The Gardiner's the main thoroughfare for every delivery truck going in and out of downtown, all the construction vehicles, every truck going in and out of the portlands, etc. It serves many more industrial purposes than just Redpath.

Also, I'd only be in support of keeping the Gardiner if they significantly narrowed Lake Shore (or removed it altogether). As I said, I'd prefer having a near-exclusive pedestrian and cycling environment under the Gardiner to a surface 8-lane road.

Well in that case... it sounds like University Avenue and to a lesser extent Spadina Avenue during rush hour. I've never had a problem walking down either.

My understanding is that the lake shore + gardiner east traffic is greater than University Ave, but if someone has the figures, please share. And Spadina @ Fort York/Bremner is pretty brutal. If that's what we end up with, it wouldn't be much of an improvement.
 
Also, I'd only be in support of keeping the Gardiner if they significantly narrowed Lake Shore (or removed it altogether). As I said, I'd prefer having a near-exclusive pedestrian and cycling environment under the Gardiner to a surface 8-lane road.

That's a plan I could potentially get behind (not pedestrian exclusive but more like any other downtown street). The problem is that there's no compelling reason to do so at the moment, from a dollars and cents point of view.
 
The best-case scenario would for the section near Jarvis to just fall down in the middle of the night, with nobody getting hurt. Then we wont have to hum and haw for another decade and waste our time on such an obvious decision. It shan't be! tear it down.
 
Funny how the artist didn't think to add the bumper-to-bumper traffic, including belching delivery trucks and greyhound buses.

Sounds like any other street in the city during rush hour.

I think the point being made is that it is an unrealistic representation of what is and will be there.
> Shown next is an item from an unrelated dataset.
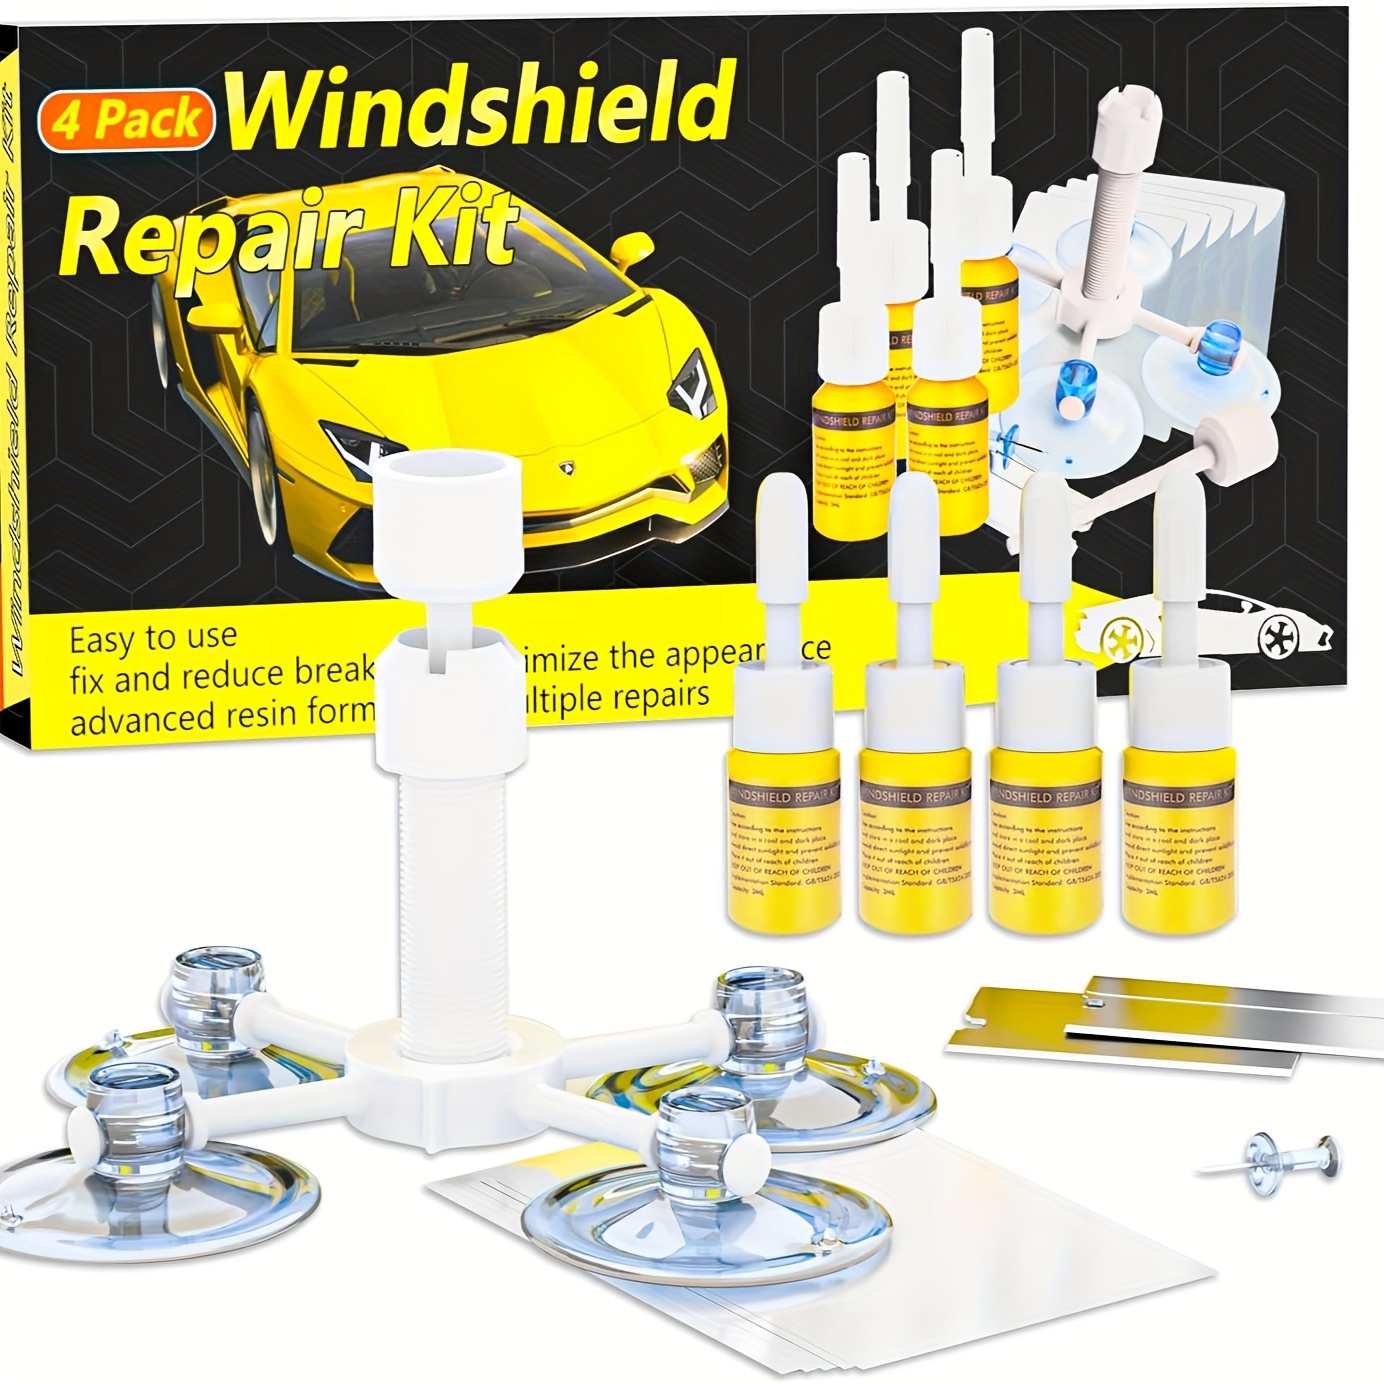 

Windshield Crack Repair Kit, Automotive Windshield Repair Kit For Chips And Cracks, Windshield Repair Kit With 4 Bottles Of Resin, Windshield Repair For Fixing Chips, Cracks, -eye And Star-shaped
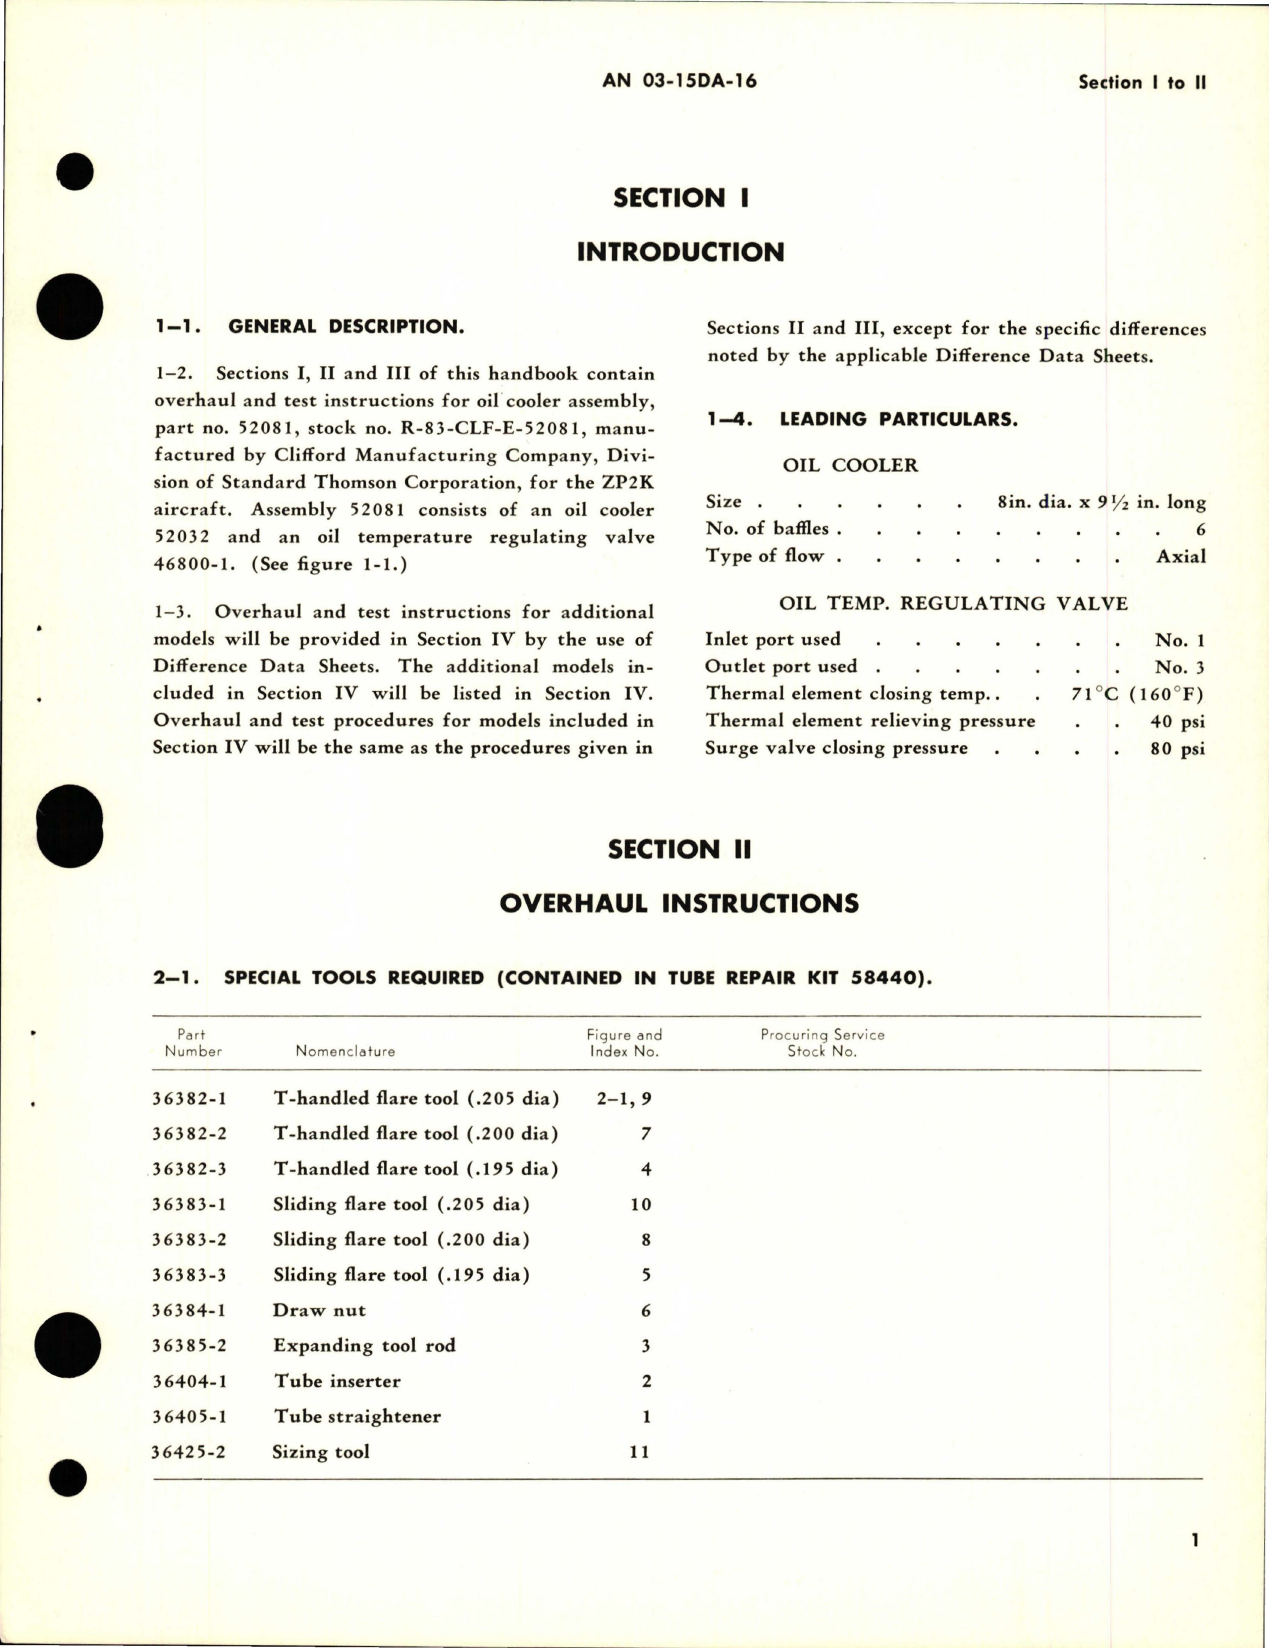 Sample page 5 from AirCorps Library document: Overhaul Instructions for Oil Cooler Assembly - Part 52081

There are, what, 3 cars in the picture. What daylight hours now (never mind when the Gardiner is gone) can you find that level of traffic?

I don't have an opinion on the Gardiner east portion (seldom use it) but it is a sore point for me when "objective" reports are written to study an item and clearly misleading evidence (like the pic discussed) are shown. The image is one that will never be replicated in real life.
 
I think the point being made is that it is an unrealistic representation of what is and will be there. There are, what, 3 cars in the picture. What daylight hours now (never mind when the Gardiner is gone) can you find that level of traffic?

I don't have an opinion on the Gardiner east portion (seldom use it) but it is a sore point for me when "objective" reports are written to study an item and clearly misleading evidence (like the pic discussed) are shown. The image is one that will never be replicated in real life.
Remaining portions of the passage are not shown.